Simple higher level protocols and Unicode Plain Text hieroglyphic writing

Simple (plain) text has limitations in what can be expressed without additional information. There are various 'Higher Level Protocols' (HLP) used to enrichen all kinds of writing systems. HTML/CSS and various document formats such as those used in 'office' applications are kinds of HLP managed as international standards. To use Unicode Egyptian hieroglyphic along with these complex protocols it is desirable for Egyptologists and others to develop conventions of how to work with these protocols in consistent ways so as to be able to share rich data. Something for the future.

However, not all protocols need be complex like HTML/CSS.

Consider hieroglyph combinations already encoded as characters in Unicode. 𓃁 (ab) is 𓂝 (a) on top of  𓃀 (b). Gardiner calls these combinations Monograms and the current practice in Unicode is to encode monograms as separate characters.

As things stand in Unicode there is no character for 𓂧 (d) on top of  𓃀 (b) - (db) rare as a monogram. For many applications and users this is not a problem but this may crop up in some situations like corpus database.

The answer is to define or adopt a simple higher level protocol. For instance use the character '+' to indicate 'on top of' so (db) is encoded 𓂧+𓃀. Similarly for any other monograms not yet encoded. This is still plain text just not pure hieroglyphic so can be used in applications and databases. To render this combination visually software will need adaptation but this is something that needs to be done in general for hieroglyphs not yet encoded in Unicode so there is little impact.

This reasoning applies to other specialist writing features for which there is not sufficiently strong evidence to warrant direct support in plain text at this time. I expect various conventions will evolve as users gain more familiarity with Unicode.

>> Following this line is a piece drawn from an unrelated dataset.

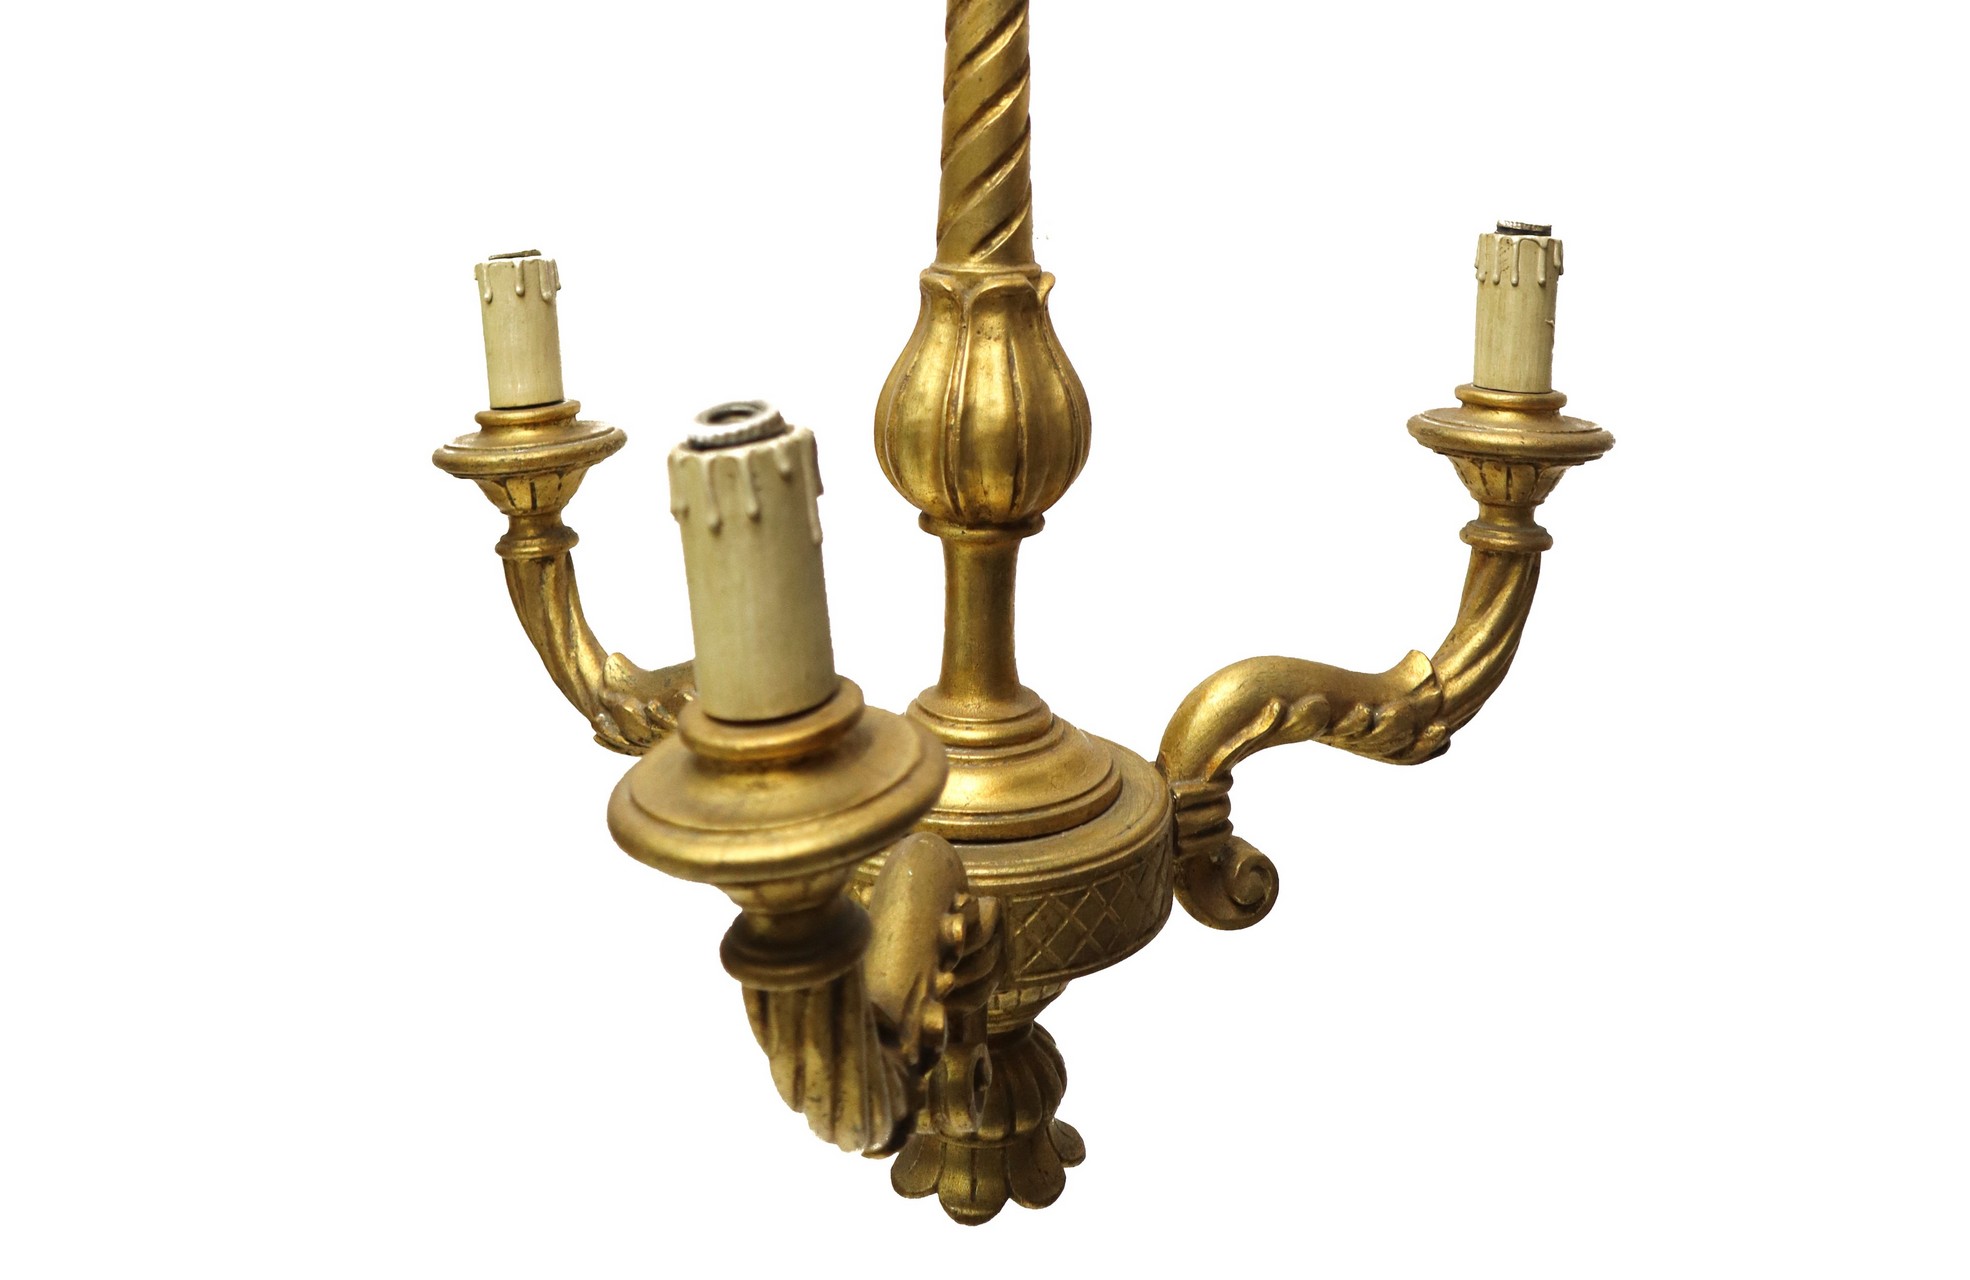 3-light chandelier in golden wood, 20th century - Image 3 of 4

There is an active discussion as whether the policy of encoding monograms as separate characters should be continued or an additional control character should be introduced to take the role of + as given here. Either way, the method described here enables work on Unicode solutions to continue regardless.

Bob Richmond


Thursday 7 July 2016

Transcription of Hieroglyphic into Unicode Hieroglyphic Plain Text: Part 1

Modern web pages and printed publications are dramatically more elaborate than documents from the 1950s which in turn used advances in printing technologies unavailable to our ancestors. Complex examples surround us online and in print. Newspapers and magazines, product labelling, instruction manuals, advertisements, reference works, textbooks and specialist publications the list goes on and on. Graphics, emojis, icons often complement textual elements which themselves increasingly use a variety of writing systems. Even when written in a language such as English, with its simple alphabet and easy to understand notion of plain text, text in documents can be very elaborate and feature a range of scripts, fonts and typographic styles.

Turning attention to hieroglyphic, consider the Middle Kingdom Stela (BM EA851, from BM page):


There is a line of horizontal text and eight columns of vertical text beneath, along with some pictures/hieroglyphs. Note: traditionally, an Egyptologist might create a line drawing of a stela rather than use a photograph as here; especially useful when there is damage or hard to read hieroglyphs. To discuss the text content, the text elements may be extracted and transcribed, often transcribing vertical text into horizontal writing. Hieroglyphic fonts have been available for 150 years and can be useful for this purpose, Transcription to Unicode Plain Text Hieroglyphic (when standardised) may be used in a similar way.

Modern technology has changed the way we look at artefacts that feature Ancient Egyptian in hieroglyphic. Our eyes are now used to elaborate web pages and publications in everyday life. The idea of arranging text and graphics in the Egyptian way is not as unusual as it would have appeared to scholars or general reader in the 19th and 20th century. Older books on the topic can therefore emphasise different and unfamiliar but this view is becoming increasingly anachronistic to the modern reader.

Web technology and editing tools are also designed around increasing complexity of documents and this means there are now natural ways to think of transcription of hieroglyphic sources in terms of modern technology and standards. In some cases this may mean changes, sometimes subtle, to traditional thinking on digital representations of hieroglyphic.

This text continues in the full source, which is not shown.